• WHAT IS BEING ASKED
The output should be the listing below, limited to the lines from the one with "The figure shows" through the one with "Commando Faux Patent", exact and without pictures.

• RECORDS PROVIDED
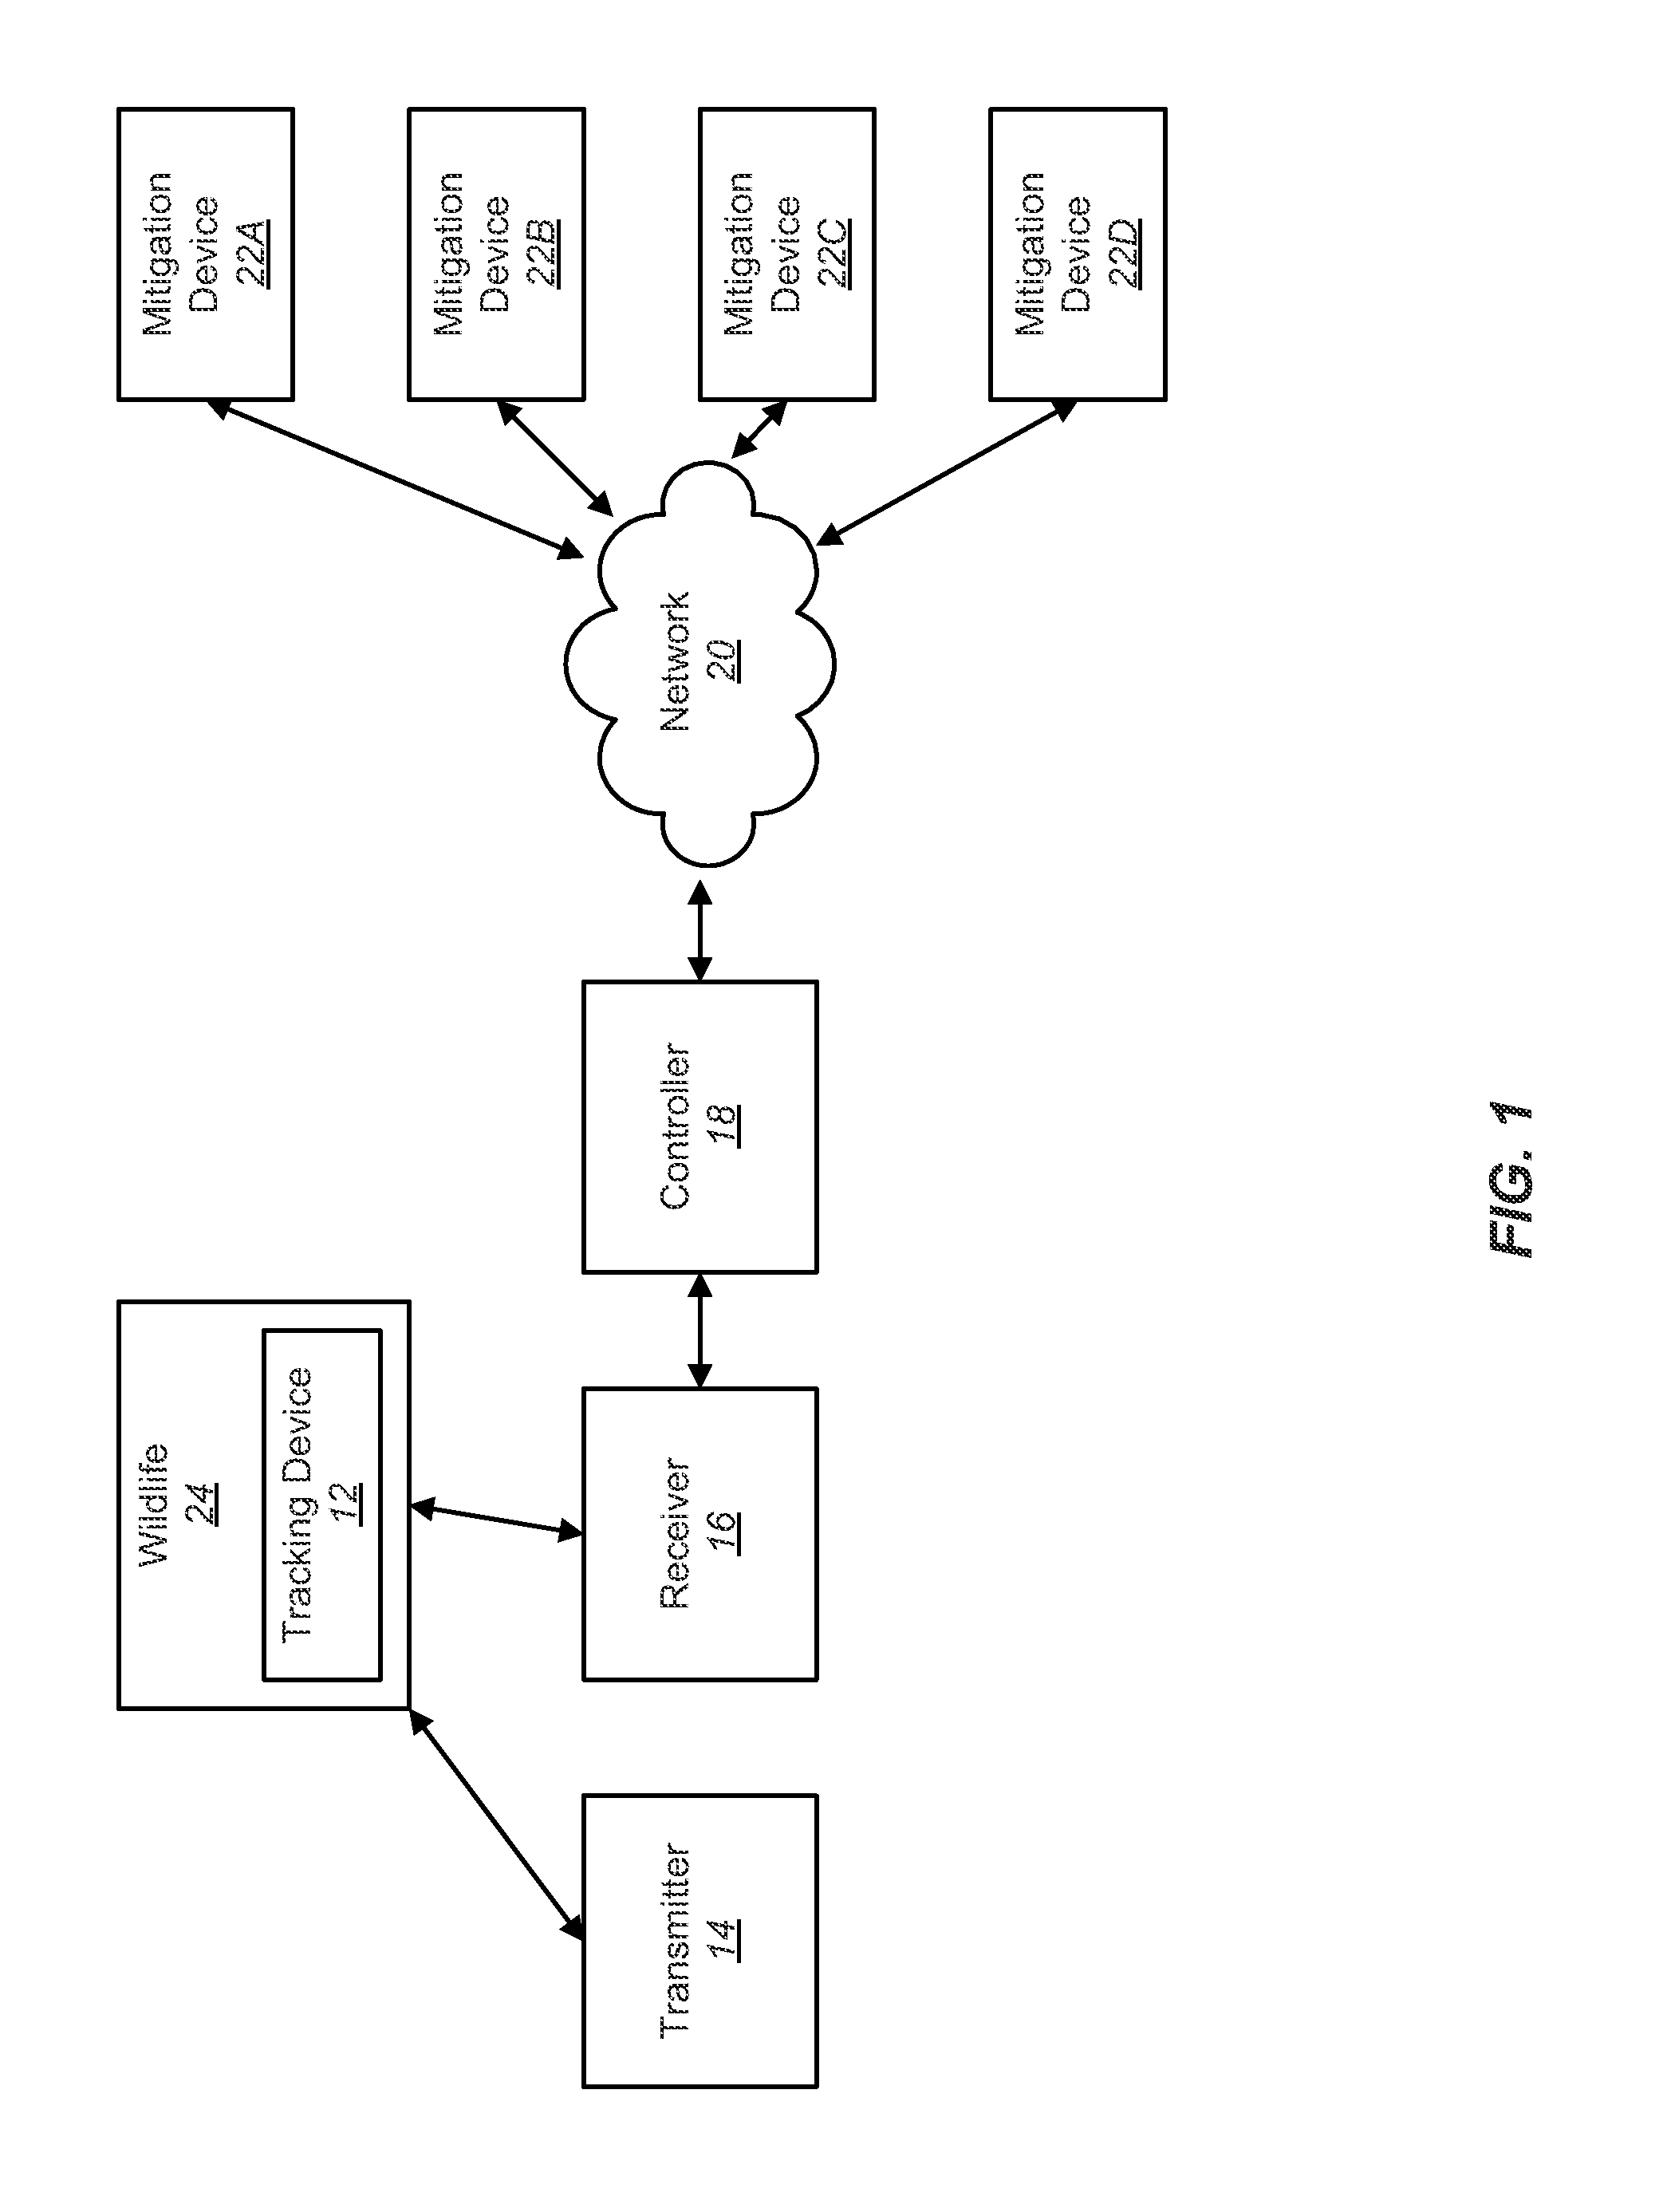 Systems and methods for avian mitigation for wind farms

...

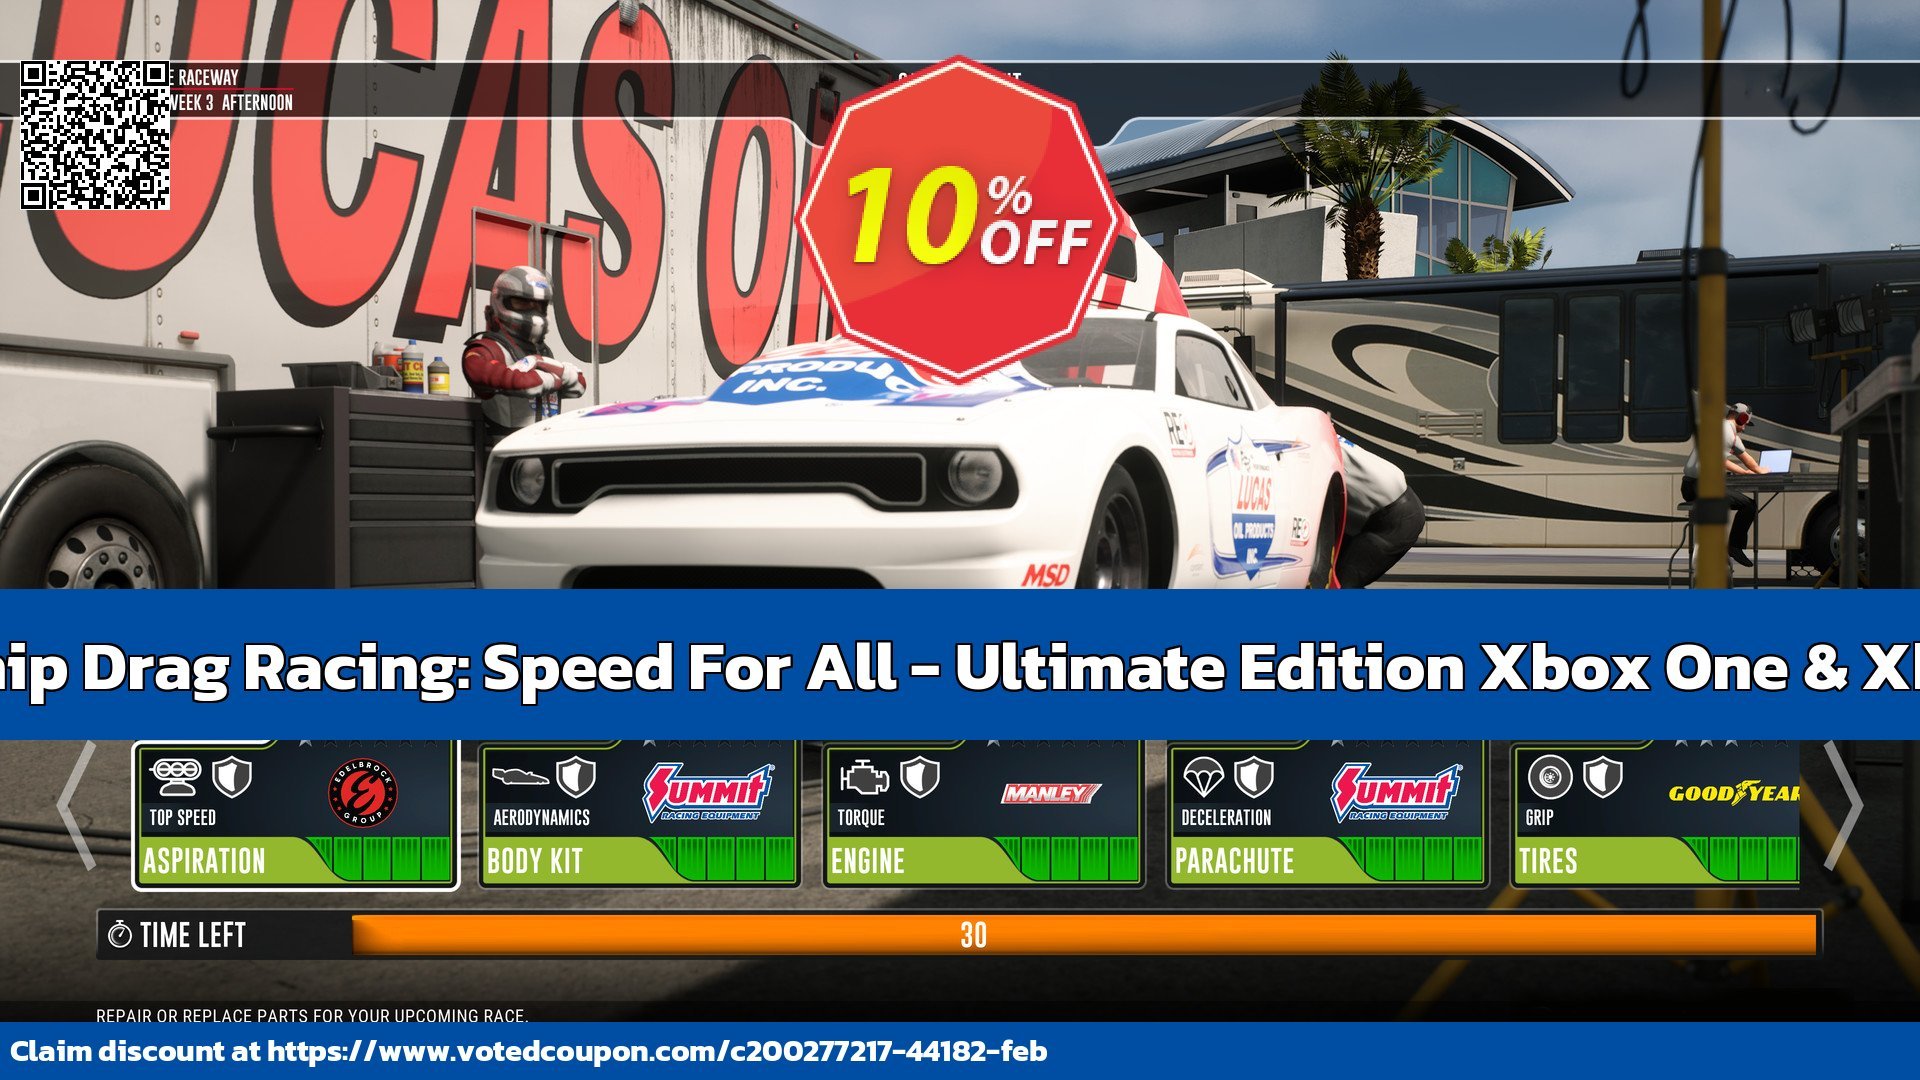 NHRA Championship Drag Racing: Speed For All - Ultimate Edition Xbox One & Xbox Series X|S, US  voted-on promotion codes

==

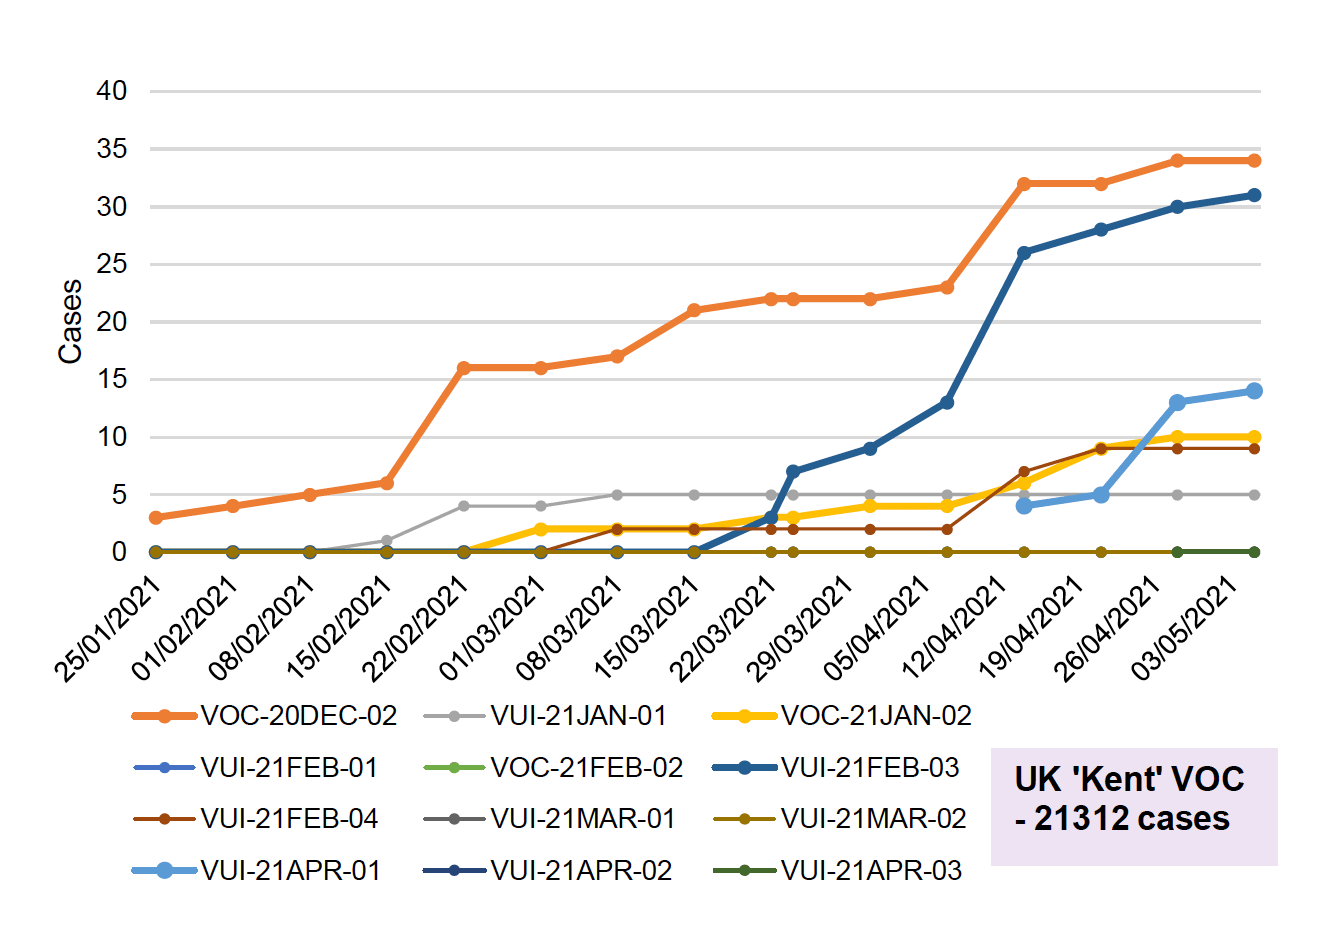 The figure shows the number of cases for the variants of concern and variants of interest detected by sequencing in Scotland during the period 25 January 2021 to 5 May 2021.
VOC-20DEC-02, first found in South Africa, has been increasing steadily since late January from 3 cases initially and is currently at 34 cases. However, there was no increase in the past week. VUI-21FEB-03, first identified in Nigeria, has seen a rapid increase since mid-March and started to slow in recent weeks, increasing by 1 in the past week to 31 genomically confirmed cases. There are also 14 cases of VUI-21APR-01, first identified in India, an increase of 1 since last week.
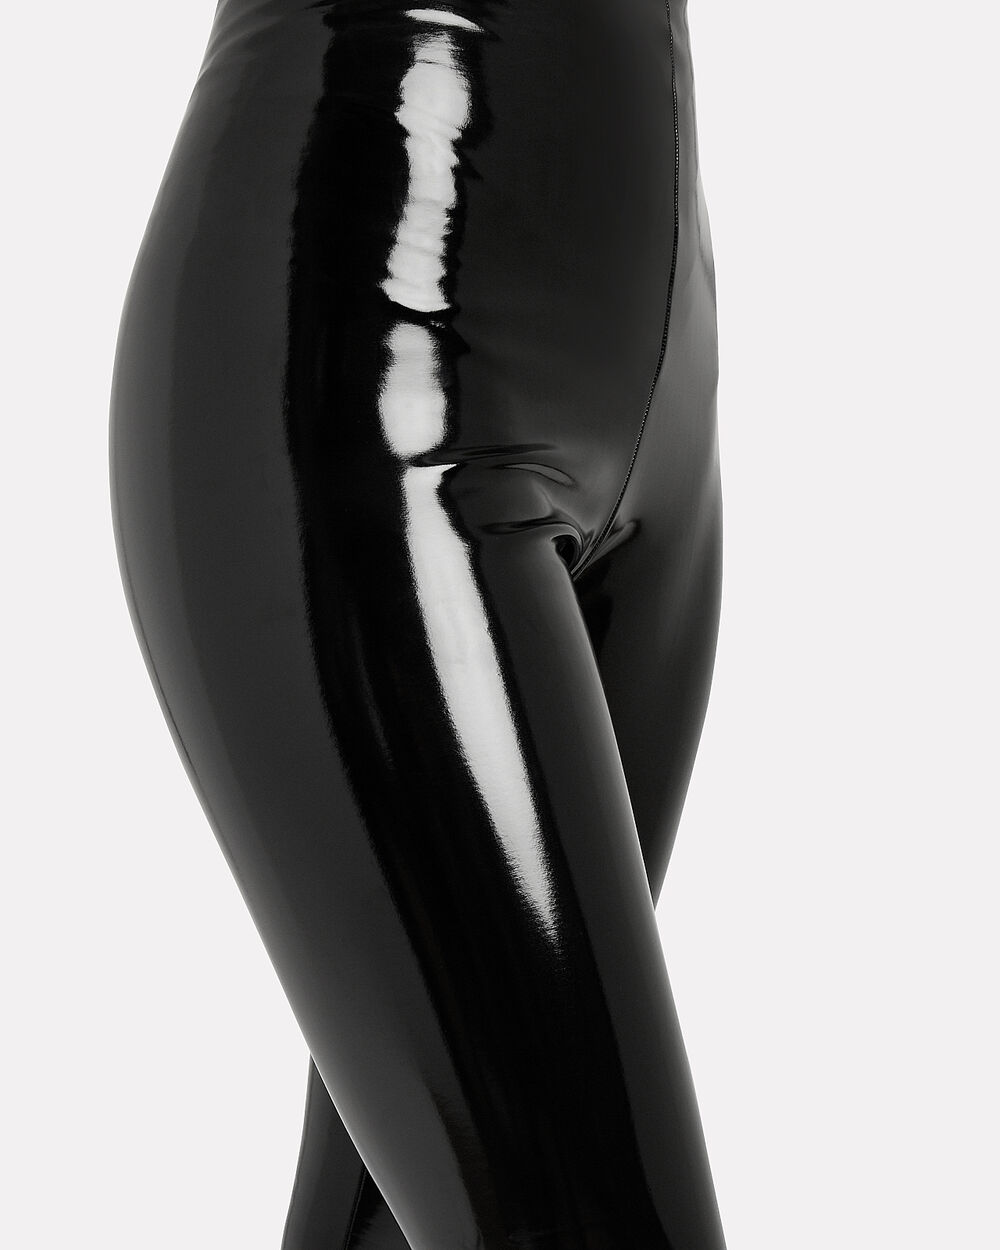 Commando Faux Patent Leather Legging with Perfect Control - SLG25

• YOUR RESPONSE
 The figure shows the number of cases for the variants of concern and variants of interest detected by sequencing in Scotland during the period 25 January 2021 to 5 May 2021.
VOC-20DEC-02, first found in South Africa, has been increasing steadily since late January from 3 cases initially and is currently at 34 cases. However, there was no increase in the past week. VUI-21FEB-03, first identified in Nigeria, has seen a rapid increase since mid-March and started to slow in recent weeks, increasing by 1 in the past week to 31 genomically confirmed cases. There are also 14 cases of VUI-21APR-01, first identified in India, an increase of 1 since last week.
 Commando Faux Patent Leather Legging with Perfect Control - SLG25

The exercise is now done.